This vignette is organized as follows. Section 2 describes the statistical methodology for the proposed MPP QTL detection procedures. Section 3 illustrates in detail the QTL detection procedure describing the different functions using a subset of the maize US-NAM population as example McMullen et al. (2009).

Statistical methodology

Connectivity

mppR allows to analyse any type of MPP design with minimally two crosses between at least three different parents. In such designs, the possibility to estimate QTL parameters (identifiability) is linked to the notion of connectivity of the design. It is always possible to estimate one effect per cross. Therefore, the number crosses ($n_{c}$) constitutes the largest number of QTL effects that can be estimated. The estimation of parental and ancestral effects is linked to the connectivity of the MPP design (Rebaï and Goffinet 2000). Taking for example the parental alleles, it is possible to estimate $n_{p} - 1 \leq n_{c}$ parental alleles per connected part of the design. Design connectivity can be defined using graph theory (Weeks and Williams 1964). Following graph theory, an MPP design can be represented by a graph where parents (alleles) are vertices or nodes and crosses are edges or lines (Figure 1). A connected graph, is a graph where there exists a walk from any node $i$ to any other node $j$. For example, the MPP design in Figure 1 is composed of two connected parts. Ideally, MPP QTL analysis should be run using only connected populations. The joint analysis of an MPP composed of several disjunct but internally connected parts is still possible. In that case, connectivity could follow from the sharing of a common ancestor by two parents of the design. For example if parents $P_{B}$ and $P_{E}$ of the MPP design of Figure 1 would receive their allele from the same ancestor, the MPP design would consist of a single connected part. For a bi-allelic model we assume that the design is fully connected. In any case, even if disconnected parts are analysed jointly, a minimal level of connection will be assumed by assuming that cofactors are shared in the whole population.

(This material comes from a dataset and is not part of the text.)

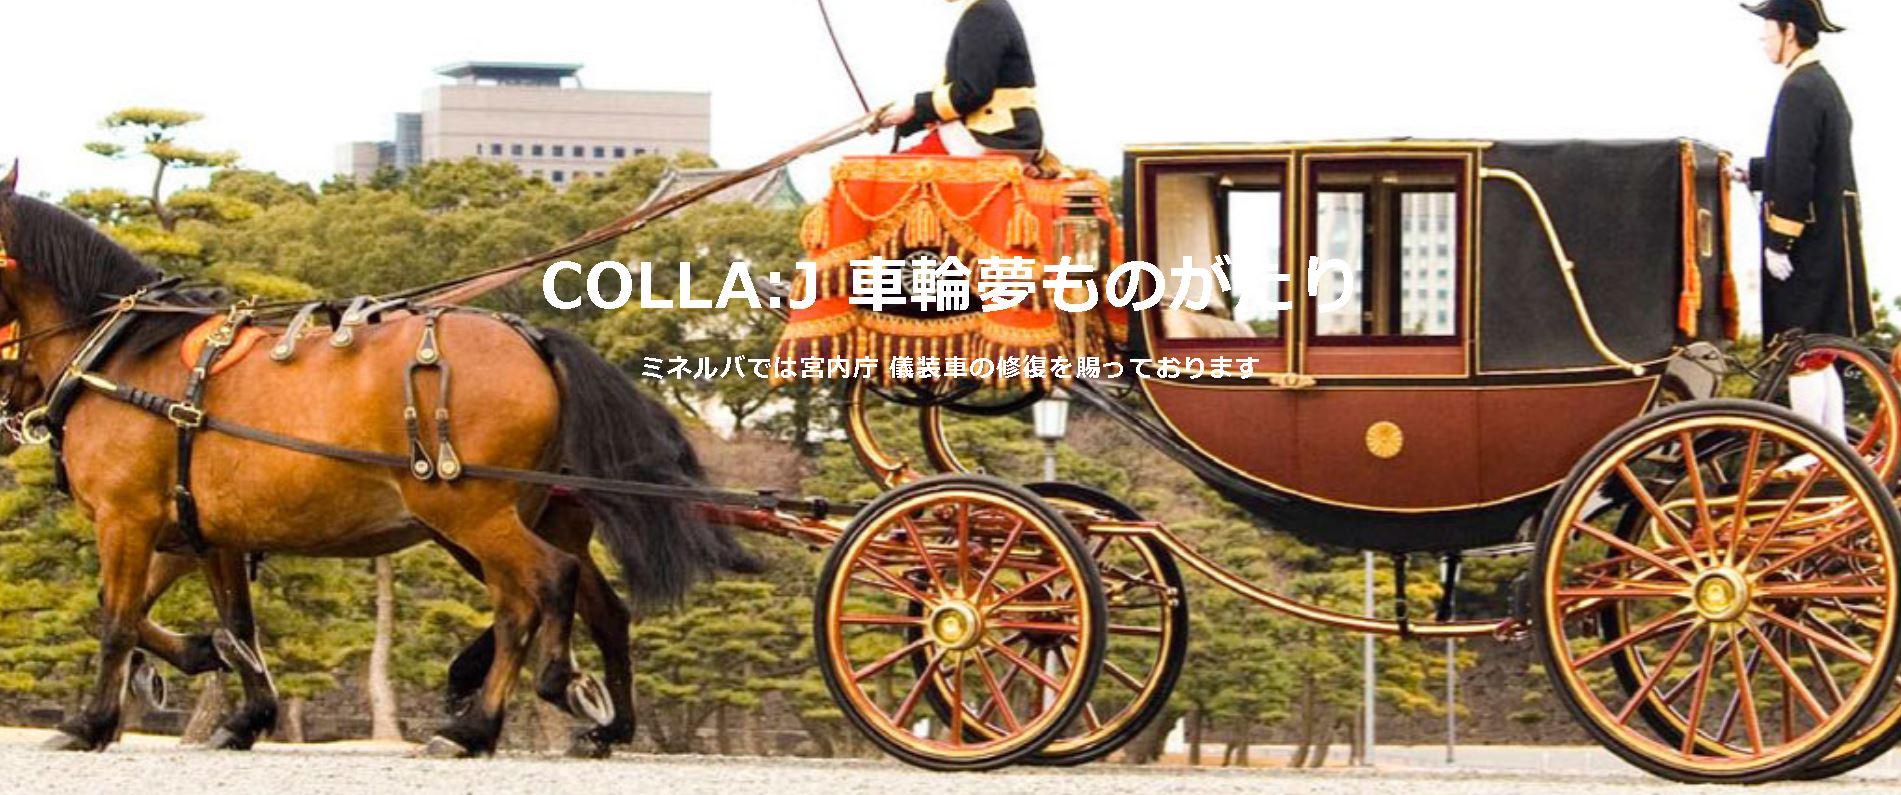 """"""" alt=""""Colla:J 車輪夢ものがたり"""""""

Figure 1: Example of a MPP design represented as a graph

General model

We propose to describe the QTL detection model with a focus on the following two main components: a) the assumption made on the form of the QTL effect and allele origin, and b) the assumption about the variance covariance structure of the residual. Let us start by defining the following underlying single locus QTL detection model describing the relationship between the phenotypic values and genotypes coming from several crosses (Rebaï and Goffinet 1993):

\[y_{ijk} = \mu_{ij} + \alpha_{i} + \alpha_{j} + g_{ij} + e_{ijk} \quad (1)\]

where $y_{ijk}$ represents the phenotypic value for the $k^{th}$ individual from the cross between parents $i$ and $j$. $\mu_{ij}$ is the cross mean and $\alpha_{i}$ and $\alpha_{j}$ represent the effects associated with the QTL alleles coming from parent $i$ and $j$ respectively. The QTL effects are assumed to be strictly additive (no dominance, no epistasis). $g_{ij}$ is the random polygenic effect due to QTLs elsewhere in the genome with distribution $N(0,\sigma_{g}^{2})$. Finally, $e_{ijk}$ represents the random micro-environmental effect (plot error) having distribution $N(0,\sigma_{e}^{2})$. In this model, $\sigma_{g}^{2}$ and $\sigma_{e}^{2}$ are unique meaning that the level of polygenic effect and environmental error is considered to be the same in each cross.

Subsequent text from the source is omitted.